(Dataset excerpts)
◆ ◆ ◆ ◆ ◆

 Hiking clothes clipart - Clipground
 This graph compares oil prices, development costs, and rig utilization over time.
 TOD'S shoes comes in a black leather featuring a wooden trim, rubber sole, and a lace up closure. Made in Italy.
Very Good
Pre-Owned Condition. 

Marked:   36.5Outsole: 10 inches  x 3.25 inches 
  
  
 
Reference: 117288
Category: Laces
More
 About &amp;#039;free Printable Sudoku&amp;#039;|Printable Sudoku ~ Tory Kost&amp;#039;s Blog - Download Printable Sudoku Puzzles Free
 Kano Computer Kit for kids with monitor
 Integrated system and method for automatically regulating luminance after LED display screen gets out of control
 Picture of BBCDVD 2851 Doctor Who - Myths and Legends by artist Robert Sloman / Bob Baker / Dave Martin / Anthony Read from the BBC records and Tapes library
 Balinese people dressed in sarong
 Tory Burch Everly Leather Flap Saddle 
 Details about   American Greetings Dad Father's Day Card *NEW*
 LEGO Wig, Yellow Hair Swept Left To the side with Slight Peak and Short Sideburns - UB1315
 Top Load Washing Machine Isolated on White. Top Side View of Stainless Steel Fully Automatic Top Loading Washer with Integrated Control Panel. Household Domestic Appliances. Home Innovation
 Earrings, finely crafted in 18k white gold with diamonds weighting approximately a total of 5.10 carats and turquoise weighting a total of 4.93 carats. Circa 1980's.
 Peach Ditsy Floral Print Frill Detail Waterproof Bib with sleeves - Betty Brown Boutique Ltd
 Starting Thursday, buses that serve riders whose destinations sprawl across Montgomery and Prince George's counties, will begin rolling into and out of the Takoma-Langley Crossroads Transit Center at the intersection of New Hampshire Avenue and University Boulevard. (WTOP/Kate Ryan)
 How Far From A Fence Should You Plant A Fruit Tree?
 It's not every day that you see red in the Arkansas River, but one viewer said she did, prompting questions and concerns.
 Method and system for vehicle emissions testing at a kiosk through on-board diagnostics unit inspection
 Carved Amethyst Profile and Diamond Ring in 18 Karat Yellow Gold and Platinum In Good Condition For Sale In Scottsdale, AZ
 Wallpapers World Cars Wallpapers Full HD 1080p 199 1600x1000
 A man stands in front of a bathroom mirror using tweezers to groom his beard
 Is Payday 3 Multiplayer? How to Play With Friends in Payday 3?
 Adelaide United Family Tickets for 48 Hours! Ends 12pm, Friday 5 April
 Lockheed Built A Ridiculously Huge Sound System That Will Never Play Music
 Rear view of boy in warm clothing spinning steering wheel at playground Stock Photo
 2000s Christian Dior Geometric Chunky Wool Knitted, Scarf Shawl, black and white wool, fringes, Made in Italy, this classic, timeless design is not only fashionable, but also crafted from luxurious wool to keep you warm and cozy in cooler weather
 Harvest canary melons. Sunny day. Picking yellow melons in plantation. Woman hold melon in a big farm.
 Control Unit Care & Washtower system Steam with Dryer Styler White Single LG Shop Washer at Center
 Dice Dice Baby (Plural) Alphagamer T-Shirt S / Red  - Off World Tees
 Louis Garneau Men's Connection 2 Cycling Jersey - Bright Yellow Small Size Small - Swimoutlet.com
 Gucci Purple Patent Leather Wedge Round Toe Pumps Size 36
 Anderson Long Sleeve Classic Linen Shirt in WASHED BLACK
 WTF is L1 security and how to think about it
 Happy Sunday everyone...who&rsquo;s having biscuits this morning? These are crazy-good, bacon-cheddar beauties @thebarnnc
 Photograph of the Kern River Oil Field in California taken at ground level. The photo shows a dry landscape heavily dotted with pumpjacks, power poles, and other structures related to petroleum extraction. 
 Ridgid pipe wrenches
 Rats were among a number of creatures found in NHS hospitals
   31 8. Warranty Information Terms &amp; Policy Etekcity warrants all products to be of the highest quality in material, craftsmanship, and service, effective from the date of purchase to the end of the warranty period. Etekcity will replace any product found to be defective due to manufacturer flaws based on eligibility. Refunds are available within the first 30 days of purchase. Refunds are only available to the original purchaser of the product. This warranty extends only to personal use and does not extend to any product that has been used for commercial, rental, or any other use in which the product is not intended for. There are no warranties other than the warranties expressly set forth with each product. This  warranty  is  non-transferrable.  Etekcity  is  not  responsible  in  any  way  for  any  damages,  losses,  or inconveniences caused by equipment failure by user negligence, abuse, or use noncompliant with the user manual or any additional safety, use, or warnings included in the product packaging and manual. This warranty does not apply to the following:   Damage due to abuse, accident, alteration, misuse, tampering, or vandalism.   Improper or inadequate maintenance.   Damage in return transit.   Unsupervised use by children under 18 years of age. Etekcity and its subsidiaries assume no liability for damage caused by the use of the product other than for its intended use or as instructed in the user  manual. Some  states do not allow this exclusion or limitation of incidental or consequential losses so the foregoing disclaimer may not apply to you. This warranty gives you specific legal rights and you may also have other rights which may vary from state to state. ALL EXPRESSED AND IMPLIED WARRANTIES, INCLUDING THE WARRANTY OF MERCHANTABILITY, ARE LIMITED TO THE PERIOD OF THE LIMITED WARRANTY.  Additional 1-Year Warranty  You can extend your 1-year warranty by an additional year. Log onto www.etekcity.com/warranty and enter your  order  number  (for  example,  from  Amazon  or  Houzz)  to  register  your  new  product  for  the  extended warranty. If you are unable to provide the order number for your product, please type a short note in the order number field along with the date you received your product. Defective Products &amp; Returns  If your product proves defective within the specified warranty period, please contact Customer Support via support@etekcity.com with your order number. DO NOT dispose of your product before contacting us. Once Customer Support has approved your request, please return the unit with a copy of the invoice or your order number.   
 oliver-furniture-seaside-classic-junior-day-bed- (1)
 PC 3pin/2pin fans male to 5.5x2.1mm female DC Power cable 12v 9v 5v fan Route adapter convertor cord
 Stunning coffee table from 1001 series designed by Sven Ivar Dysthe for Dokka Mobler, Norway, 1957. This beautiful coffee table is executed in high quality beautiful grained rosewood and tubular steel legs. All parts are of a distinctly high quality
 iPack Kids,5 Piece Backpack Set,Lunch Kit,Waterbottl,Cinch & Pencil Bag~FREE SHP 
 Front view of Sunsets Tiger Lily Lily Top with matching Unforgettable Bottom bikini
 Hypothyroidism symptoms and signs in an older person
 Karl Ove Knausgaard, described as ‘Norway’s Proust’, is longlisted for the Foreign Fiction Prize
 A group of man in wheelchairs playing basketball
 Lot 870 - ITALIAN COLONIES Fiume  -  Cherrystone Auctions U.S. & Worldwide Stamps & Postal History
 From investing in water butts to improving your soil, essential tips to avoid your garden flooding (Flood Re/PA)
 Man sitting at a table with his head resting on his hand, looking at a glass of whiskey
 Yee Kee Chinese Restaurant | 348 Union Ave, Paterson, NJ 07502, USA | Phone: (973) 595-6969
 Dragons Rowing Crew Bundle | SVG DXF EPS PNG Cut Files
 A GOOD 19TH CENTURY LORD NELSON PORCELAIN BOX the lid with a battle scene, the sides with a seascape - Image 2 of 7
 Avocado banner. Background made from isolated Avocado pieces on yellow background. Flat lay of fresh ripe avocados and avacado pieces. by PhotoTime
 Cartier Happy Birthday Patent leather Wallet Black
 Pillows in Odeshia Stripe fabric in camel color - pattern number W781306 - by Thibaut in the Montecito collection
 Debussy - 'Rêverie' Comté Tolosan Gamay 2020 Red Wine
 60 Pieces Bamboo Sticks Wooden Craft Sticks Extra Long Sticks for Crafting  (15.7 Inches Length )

◆ ◆ ◆ ◆ ◆

** Aim of the exercise **
Every line above needs to be retyped exactly.

** Response to the exercise **
 Hiking clothes clipart - Clipground
 This graph compares oil prices, development costs, and rig utilization over time.
 TOD'S shoes comes in a black leather featuring a wooden trim, rubber sole, and a lace up closure. Made in Italy.
Very Good
Pre-Owned Condition. 

Marked:   36.5Outsole: 10 inches  x 3.25 inches 
  
  
 
Reference: 117288
Category: Laces
More
 About &amp;#039;free Printable Sudoku&amp;#039;|Printable Sudoku ~ Tory Kost&amp;#039;s Blog - Download Printable Sudoku Puzzles Free
 Kano Computer Kit for kids with monitor
 Integrated system and method for automatically regulating luminance after LED display screen gets out of control
 Picture of BBCDVD 2851 Doctor Who - Myths and Legends by artist Robert Sloman / Bob Baker / Dave Martin / Anthony Read from the BBC records and Tapes library
 Balinese people dressed in sarong
 Tory Burch Everly Leather Flap Saddle 
 Details about   American Greetings Dad Father's Day Card *NEW*
 LEGO Wig, Yellow Hair Swept Left To the side with Slight Peak and Short Sideburns - UB1315
 Top Load Washing Machine Isolated on White. Top Side View of Stainless Steel Fully Automatic Top Loading Washer with Integrated Control Panel. Household Domestic Appliances. Home Innovation
 Earrings, finely crafted in 18k white gold with diamonds weighting approximately a total of 5.10 carats and turquoise weighting a total of 4.93 carats. Circa 1980's.
 Peach Ditsy Floral Print Frill Detail Waterproof Bib with sleeves - Betty Brown Boutique Ltd
 Starting Thursday, buses that serve riders whose destinations sprawl across Montgomery and Prince George's counties, will begin rolling into and out of the Takoma-Langley Crossroads Transit Center at the intersection of New Hampshire Avenue and University Boulevard. (WTOP/Kate Ryan)
 How Far From A Fence Should You Plant A Fruit Tree?
 It's not every day that you see red in the Arkansas River, but one viewer said she did, prompting questions and concerns.
 Method and system for vehicle emissions testing at a kiosk through on-board diagnostics unit inspection
 Carved Amethyst Profile and Diamond Ring in 18 Karat Yellow Gold and Platinum In Good Condition For Sale In Scottsdale, AZ
 Wallpapers World Cars Wallpapers Full HD 1080p 199 1600x1000
 A man stands in front of a bathroom mirror using tweezers to groom his beard
 Is Payday 3 Multiplayer? How to Play With Friends in Payday 3?
 Adelaide United Family Tickets for 48 Hours! Ends 12pm, Friday 5 April
 Lockheed Built A Ridiculously Huge Sound System That Will Never Play Music
 Rear view of boy in warm clothing spinning steering wheel at playground Stock Photo
 2000s Christian Dior Geometric Chunky Wool Knitted, Scarf Shawl, black and white wool, fringes, Made in Italy, this classic, timeless design is not only fashionable, but also crafted from luxurious wool to keep you warm and cozy in cooler weather
 Harvest canary melons. Sunny day. Picking yellow melons in plantation. Woman hold melon in a big farm.
 Control Unit Care & Washtower system Steam with Dryer Styler White Single LG Shop Washer at Center
 Dice Dice Baby (Plural) Alphagamer T-Shirt S / Red  - Off World Tees
 Louis Garneau Men's Connection 2 Cycling Jersey - Bright Yellow Small Size Small - Swimoutlet.com
 Gucci Purple Patent Leather Wedge Round Toe Pumps Size 36
 Anderson Long Sleeve Classic Linen Shirt in WASHED BLACK
 WTF is L1 security and how to think about it
 Happy Sunday everyone...who&rsquo;s having biscuits this morning? These are crazy-good, bacon-cheddar beauties @thebarnnc
 Photograph of the Kern River Oil Field in California taken at ground level. The photo shows a dry landscape heavily dotted with pumpjacks, power poles, and other structures related to petroleum extraction. 
 Ridgid pipe wrenches
 Rats were among a number of creatures found in NHS hospitals
   31 8. Warranty Information Terms &amp; Policy Etekcity warrants all products to be of the highest quality in material, craftsmanship, and service, effective from the date of purchase to the end of the warranty period. Etekcity will replace any product found to be defective due to manufacturer flaws based on eligibility. Refunds are available within the first 30 days of purchase. Refunds are only available to the original purchaser of the product. This warranty extends only to personal use and does not extend to any product that has been used for commercial, rental, or any other use in which the product is not intended for. There are no warranties other than the warranties expressly set forth with each product. This  warranty  is  non-transferrable.  Etekcity  is  not  responsible  in  any  way  for  any  damages,  losses,  or inconveniences caused by equipment failure by user negligence, abuse, or use noncompliant with the user manual or any additional safety, use, or warnings included in the product packaging and manual. This warranty does not apply to the following:   Damage due to abuse, accident, alteration, misuse, tampering, or vandalism.   Improper or inadequate maintenance.   Damage in return transit.   Unsupervised use by children under 18 years of age. Etekcity and its subsidiaries assume no liability for damage caused by the use of the product other than for its intended use or as instructed in the user  manual. Some  states do not allow this exclusion or limitation of incidental or consequential losses so the foregoing disclaimer may not apply to you. This warranty gives you specific legal rights and you may also have other rights which may vary from state to state. ALL EXPRESSED AND IMPLIED WARRANTIES, INCLUDING THE WARRANTY OF MERCHANTABILITY, ARE LIMITED TO THE PERIOD OF THE LIMITED WARRANTY.  Additional 1-Year Warranty  You can extend your 1-year warranty by an additional year. Log onto www.etekcity.com/warranty and enter your  order  number  (for  example,  from  Amazon  or  Houzz)  to  register  your  new  product  for  the  extended warranty. If you are unable to provide the order number for your product, please type a short note in the order number field along with the date you received your product. Defective Products &amp; Returns  If your product proves defective within the specified warranty period, please contact Customer Support via support@etekcity.com with your order number. DO NOT dispose of your product before contacting us. Once Customer Support has approved your request, please return the unit with a copy of the invoice or your order number.   
 oliver-furniture-seaside-classic-junior-day-bed- (1)
 PC 3pin/2pin fans male to 5.5x2.1mm female DC Power cable 12v 9v 5v fan Route adapter convertor cord
 Stunning coffee table from 1001 series designed by Sven Ivar Dysthe for Dokka Mobler, Norway, 1957. This beautiful coffee table is executed in high quality beautiful grained rosewood and tubular steel legs. All parts are of a distinctly high quality
 iPack Kids,5 Piece Backpack Set,Lunch Kit,Waterbottl,Cinch & Pencil Bag~FREE SHP 
 Front view of Sunsets Tiger Lily Lily Top with matching Unforgettable Bottom bikini
 Hypothyroidism symptoms and signs in an older person
 Karl Ove Knausgaard, described as ‘Norway’s Proust’, is longlisted for the Foreign Fiction Prize
 A group of man in wheelchairs playing basketball
 Lot 870 - ITALIAN COLONIES Fiume  -  Cherrystone Auctions U.S. & Worldwide Stamps & Postal History
 From investing in water butts to improving your soil, essential tips to avoid your garden flooding (Flood Re/PA)
 Man sitting at a table with his head resting on his hand, looking at a glass of whiskey
 Yee Kee Chinese Restaurant | 348 Union Ave, Paterson, NJ 07502, USA | Phone: (973) 595-6969
 Dragons Rowing Crew Bundle | SVG DXF EPS PNG Cut Files
 A GOOD 19TH CENTURY LORD NELSON PORCELAIN BOX the lid with a battle scene, the sides with a seascape - Image 2 of 7
 Avocado banner. Background made from isolated Avocado pieces on yellow background. Flat lay of fresh ripe avocados and avacado pieces. by PhotoTime
 Cartier Happy Birthday Patent leather Wallet Black
 Pillows in Odeshia Stripe fabric in camel color - pattern number W781306 - by Thibaut in the Montecito collection
 Debussy - 'Rêverie' Comté Tolosan Gamay 2020 Red Wine
 60 Pieces Bamboo Sticks Wooden Craft Sticks Extra Long Sticks for Crafting  (15.7 Inches Length )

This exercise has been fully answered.